Monday, May 10, 2010

What did I eat???

I am going to weigh less than my goal weight if my stomach problems continue like this....


For about a week or so my stomach has been feeling pretty good!!! Yea, I had almost forgot what that felt like!! I mean as far as my IBS goes, it has gotten a little better. I have really been increasing the amount of fiber I eat. Plus I am taking fiber tabs daily and using Miralax 2 times daily. (trust me, you can put this in water and you really cannot tell it is in there. ) I was putting it in juice but don't need/want the extra calories.



I am back to my stomach hurting and being all bloated!!! I have eaten something within the past week that is just killing me!! The bad part is, it could be something from several days ago and just catching up to me or something from today. But then that would mean it is several things because it has been hurting everyday for about a week. I do know that I am going to stop eating broccoli with a veggie dip, kraft barb q sauce....that is the only thing I can think of that has been really different. I did have maybe 2 bites of KFC fried chicken a week ago today. I just had to taste it but as soon as I started eating it I knew I would regret it!! But that was a week ago. I really think today is from the barb q sauce! I feel as though someone has taken a bike pump and "pumped" me up!! It is no fun and it hurts and it is going no where. I am so tired and really need to walk but so don't want to!! But I know I need to....it would probably help!!!

I find it interesting how my stomach is really bothering me and I am feeling like poopoo!! I am tired, my legs are hurting, my feet hurt....let's put it this way...I don't want to do yard work!!!

That should tell you how bad I am feeling. I love doing yard work, it is my way of distressing and I just love making things look pretty. I always want to do yard work, even if it is just sweeping off the sidewalk....not today though..

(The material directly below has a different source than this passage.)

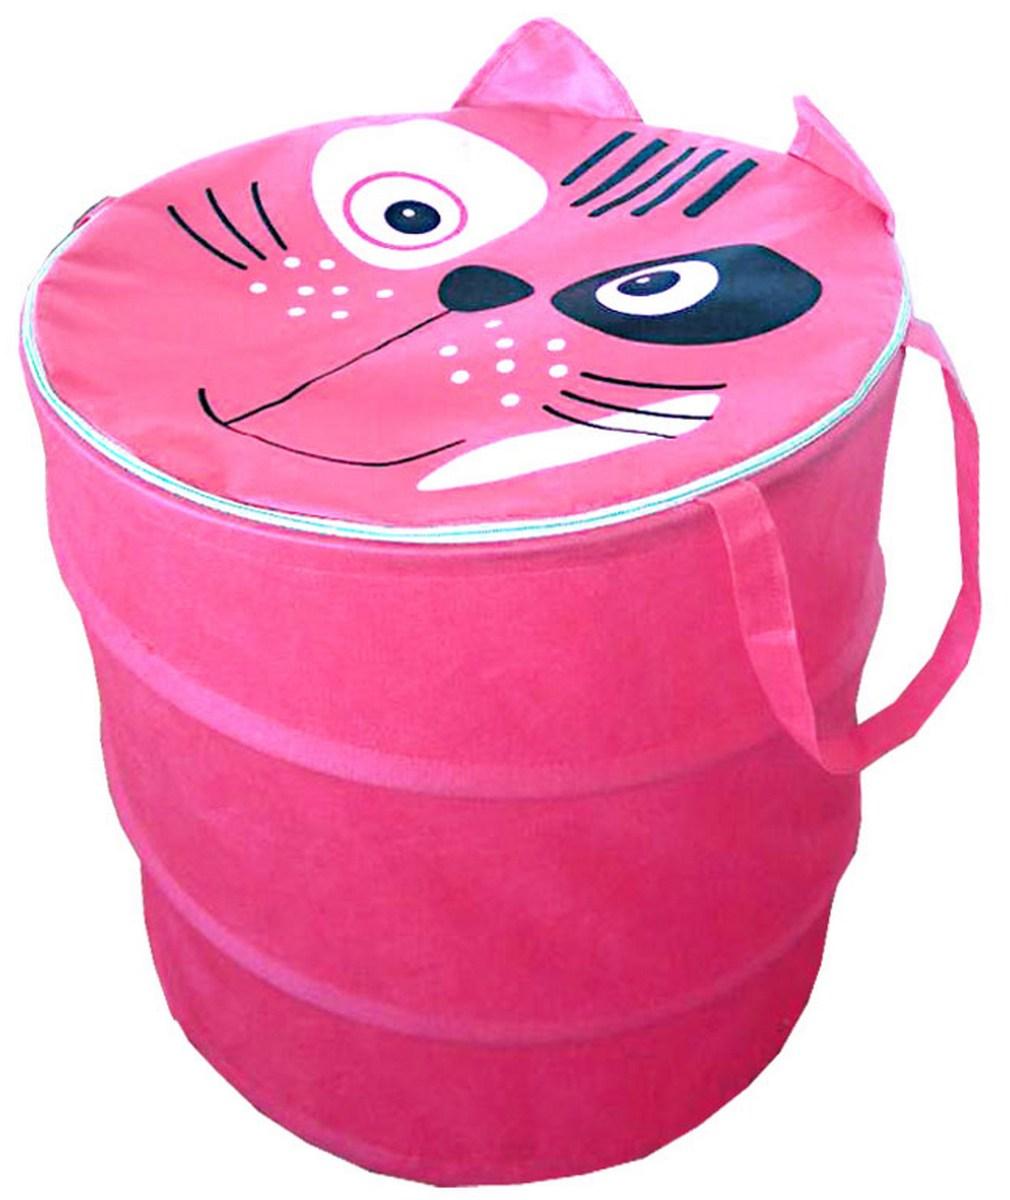 Корзина для игрушек «Кот» 249015

Jim and I got to watch a beautiful red cardinal take a bath yesterday while the sprinkler was on....it was GOD at work....we hated when it left...

Just tried eating supper and didn't eat very much because I just don't want to eat alot....I feel like I am about 7 months prego...it was really good though. Jim really liked it which makes me very happy!! He ate a whole plate.......The only good thing is that with me losing 16/17 pounds it helps me not feel as bad as I did with the bloating as I did when the weight was on me. Does that makes sense??? I really want to lose 9 more pounds before we go to Puerto Rico in June. My goal is to loose a total of 15 more pounds!! I know it is going to be hard but I really want to do it!!! What does help is having Jim's support..:)
I am going to be walking 3 miles in the morning, at least I hope I can and will be!!! That would be a great start to my day, help my stomach and get me going....Fibro can and does rule my days!!! I hate to make plans because I hate to brake them.

The past week my mornings have been so fibro mornings!! Waking up to every nerve in my body hurting...I hate to move!! It is like I wake up but it takes me about 2/3 hours to actually become functional. I had about 2 weeks that were pretty good and them BAM!! I HAVE THIS FOR THE REST OF MY LIFE, THERE IS NO CURE!! I WILL BE IN PAIN FOR THE REST OF MY LIFE....I MAY HAVE A FEW GOOD DAYS AND MANY BAD DAYS!! MY LIFE HAS BEEN CHANGED FOREVER...

Tonight my husband made a comment about how I don't like to have fun like I used too, another thing that fibro has taken from me. I don't like ice cold hands on me, my body really doesn't like cold..:( He really wasn't meaning to be ugly, he was playing around but it did hurt)

I am in alot of pain and have pretty much done much of nothing today...with all this said, please say a prayer for my mom. This Wednesday my mom is going into MUSC in Charleston SC for hip replacement surgery. My mother has a few medical problems and I know that everything will be ok but I still would like to know everyone is praying for her. Can never have to any angels....My wish is that my mom will have this surgery and be able to walk without pain!!
I complain about pain and how I am feeling and my mom hardly ever complains. I wish I could be more like her...my wish is for her to be pain free!!! I love my mom!!!!!

Ok I have rambled again and am now done....

1 comment:

  1. Oh no........back to the IBS crap....You never know what does it. At least you can lose weight (I'm not making light of how it happens to you). I will say a lot of prayers for your mom! I think any surgery is scary..I will pray that she walks without pain. God Bless her!!